I am not statistically oriented, so I am hoping you might be able to help.
I have a small lab setup that mimics a larger natural process (natural disaster). I have designed and completed 46 experiments varying a few control parameters. I want to describe the wind speeds over which I tested in the little experimental setup, without listing all 46 of them. Wind speed is one of those parameters I had control of, so my choice of wind speed does not statistically indicate or correspond to the distribution of wind speeds found in the original natural phenomenon, but was chosen in a rather selfish way to test the limits of a model.
I do not know if my data set of 46 wind speeds is a population or a sample though. I must be over-thinking this!

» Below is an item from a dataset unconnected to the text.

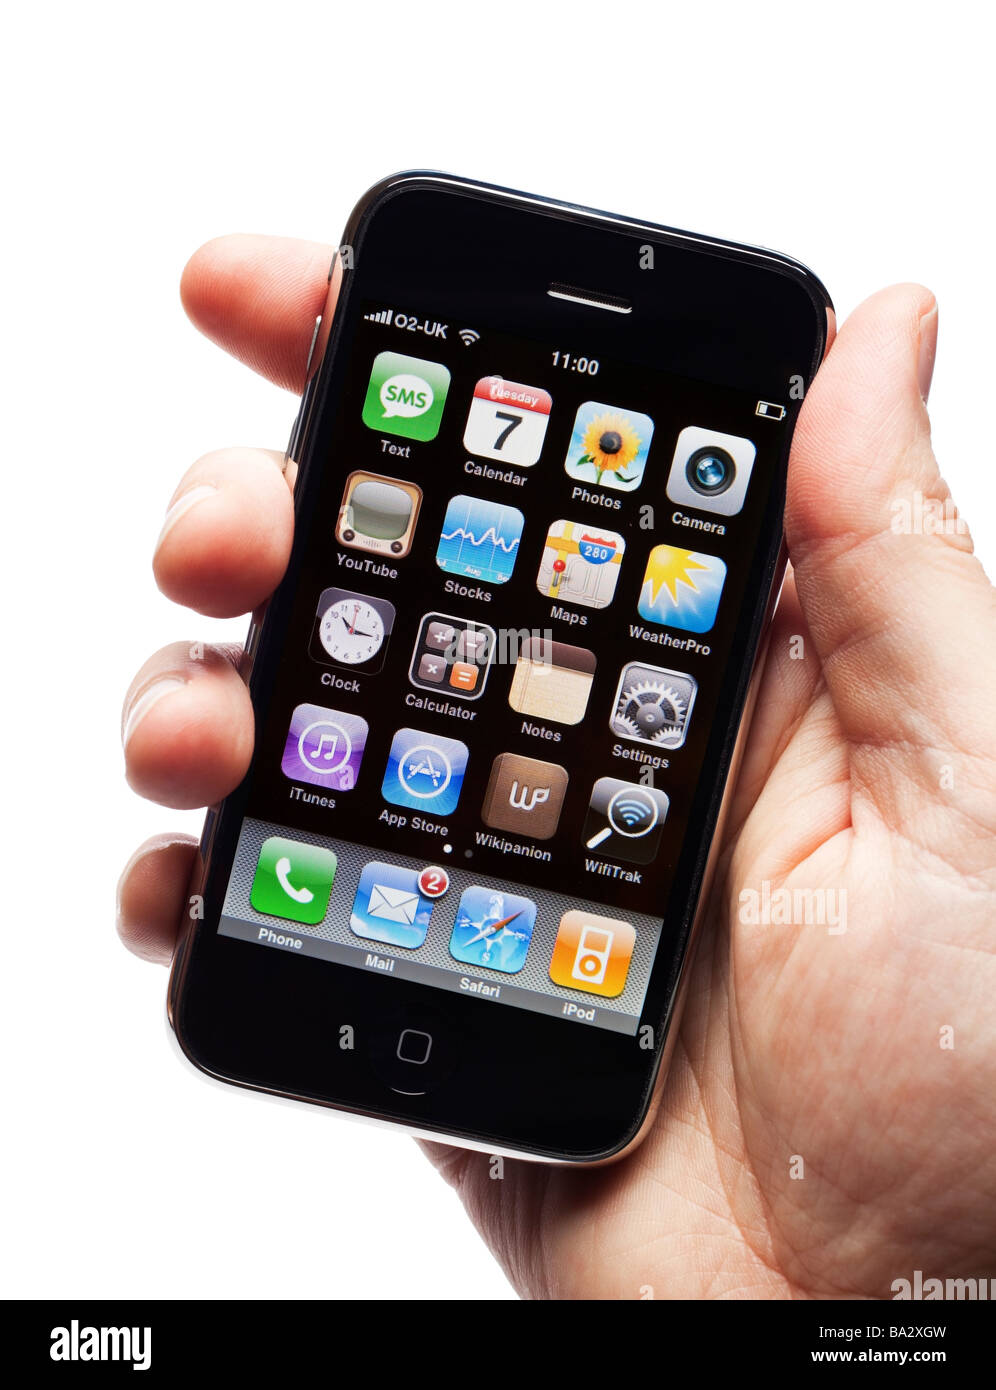 Maschio lato tiene iPhone cellulare smartphone smart phone che mostra la schermata delle applicazioni Foto Stock

I was leaning towards sample: While I do have all the data for all the experiments I conducted in this little setup, I do not have all the data for all the possible experiments this setup could produce, and I certainly do not have wind data for all the times the original process occurred in nature... which is what I was modeling to begin with. so sample?
But, I really just want to convey the range of wind speeds over which I tested (and I controlled the wind speed as a parameter). I am not saying these wind speeds are statistically similar to all the ones that occur during all these natural disasters, but just how to describe the data to people without giving them a list of 46 wind speeds.
super silly, I am sure. (sorry!) hoping someone can set me straight? thanks.